1. Be honest about your operations
When faced with high rates, the worst thing that you can do is try to hide your operations to get a better deal. If you hide what your services and products are, this is likely to find out through one of the regular audits that credit card processors do, which will make your situation even worse. If a processor denies you, don’t let this put you off, there are processors available that specialize in working with high-risk business that you can approach.
2. Have capital available
Capital includes assets like equipment, buildings, inventory, tools, and machinery that you use to make income. These assets show that you are well funded and a business that is operating well, giving you the ability to withstand financial turbulence. This will make credit card processors more likely to consider working with you.

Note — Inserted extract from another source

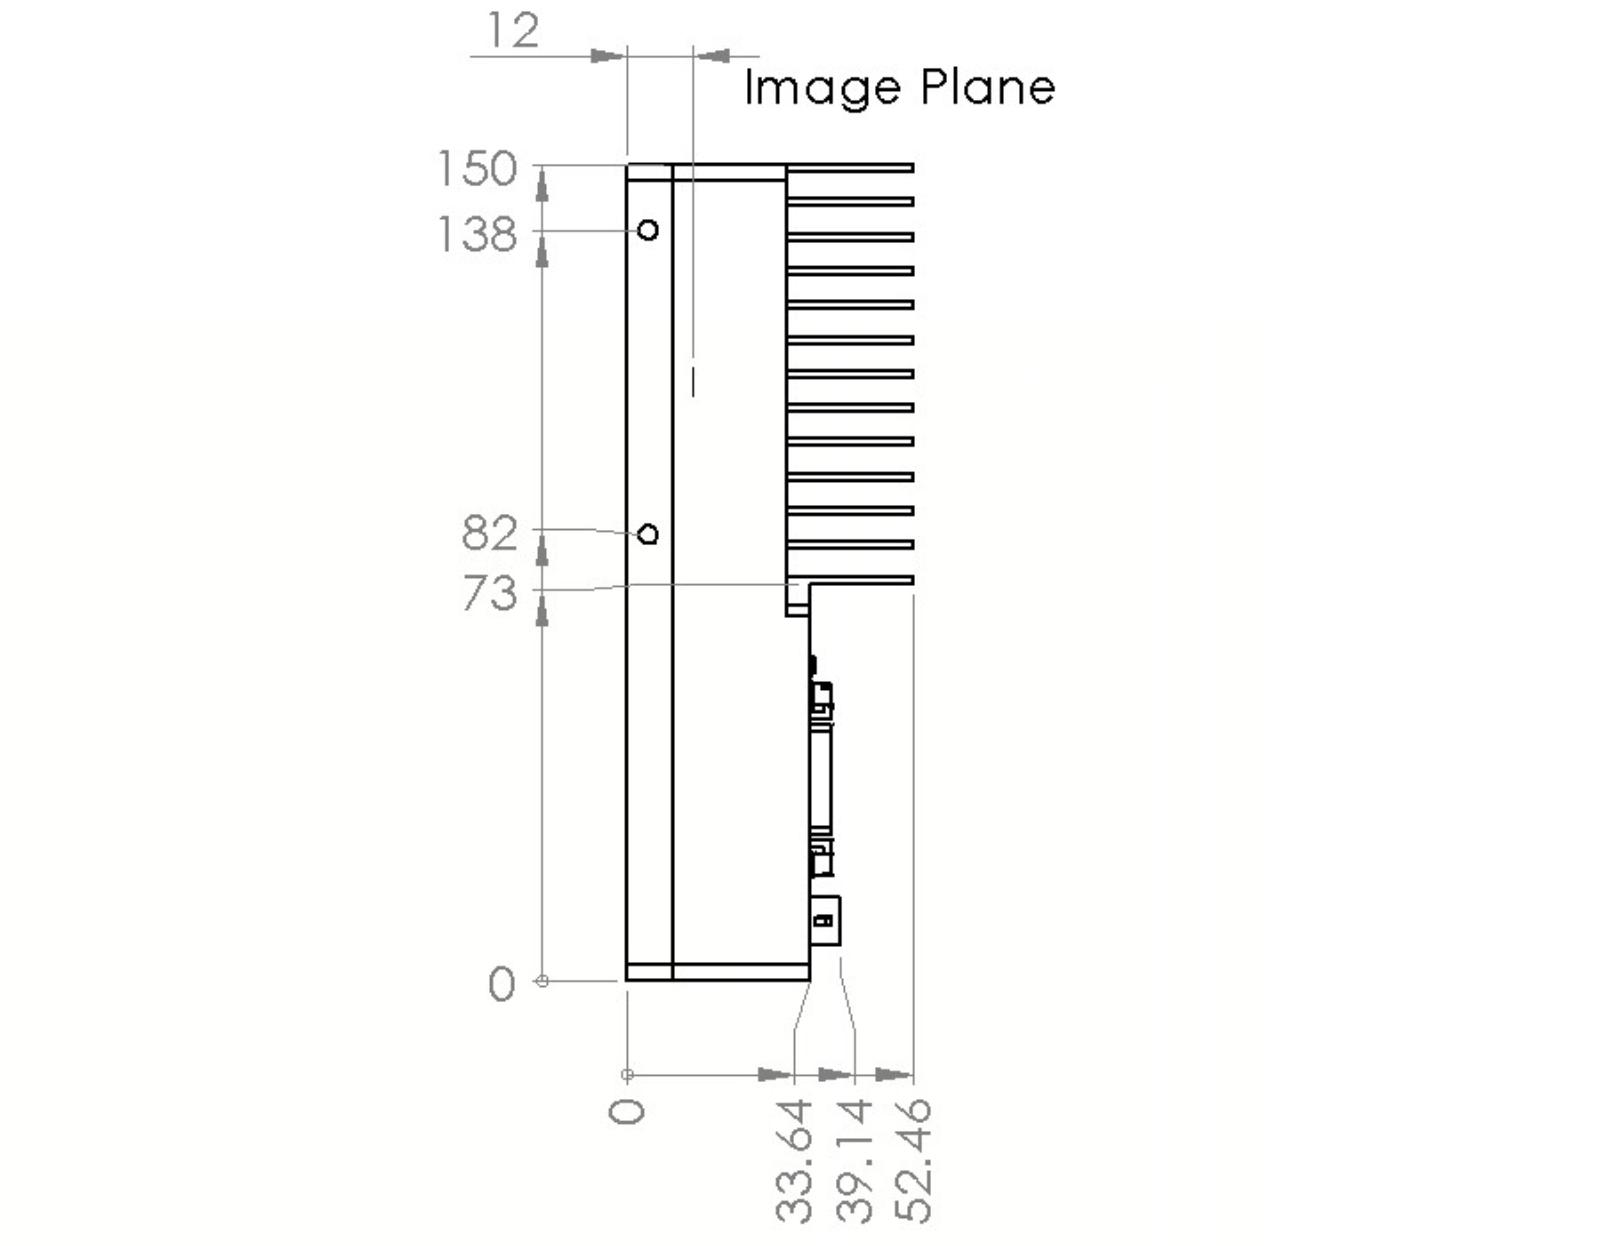 CLS-8k-M39 dimensions

3. Show your payment processing history
As well as the capital, if you worked with a payment processor in the past, then make sure to have this information to hand, even if the last company stopped working with you. This will prove that you have a clean record with minimal fraud or chargebacks and that the previous company dropped due to perceived risk rather than real risk.
4. Don’t agree to pre-set limits
Many credit card processors with put a limit on the number of transactions that you are allowed to process, and if you go above this limit you will be charged extra. This may be ok if you are a small business, but if you think there is a chance that you will grow and the number of transactions that you’ll have to process will increase, then avoid this. Look for a partner that will allow you to increase the number of transactions to be processed with no extra charge.
5. Be prepared
This may seem counter-intuitive, but if you can always try to have two payment processors. As a high-risk business, you don’t know when you may hit a number of chargebacks that cause one of the processors to terminate your account. This is out of your control, but you can control the outcome by being prepared. With two partners, you don’t have to worry about looking for a new processor to keep working and can move all credit card transactions to your other merchant.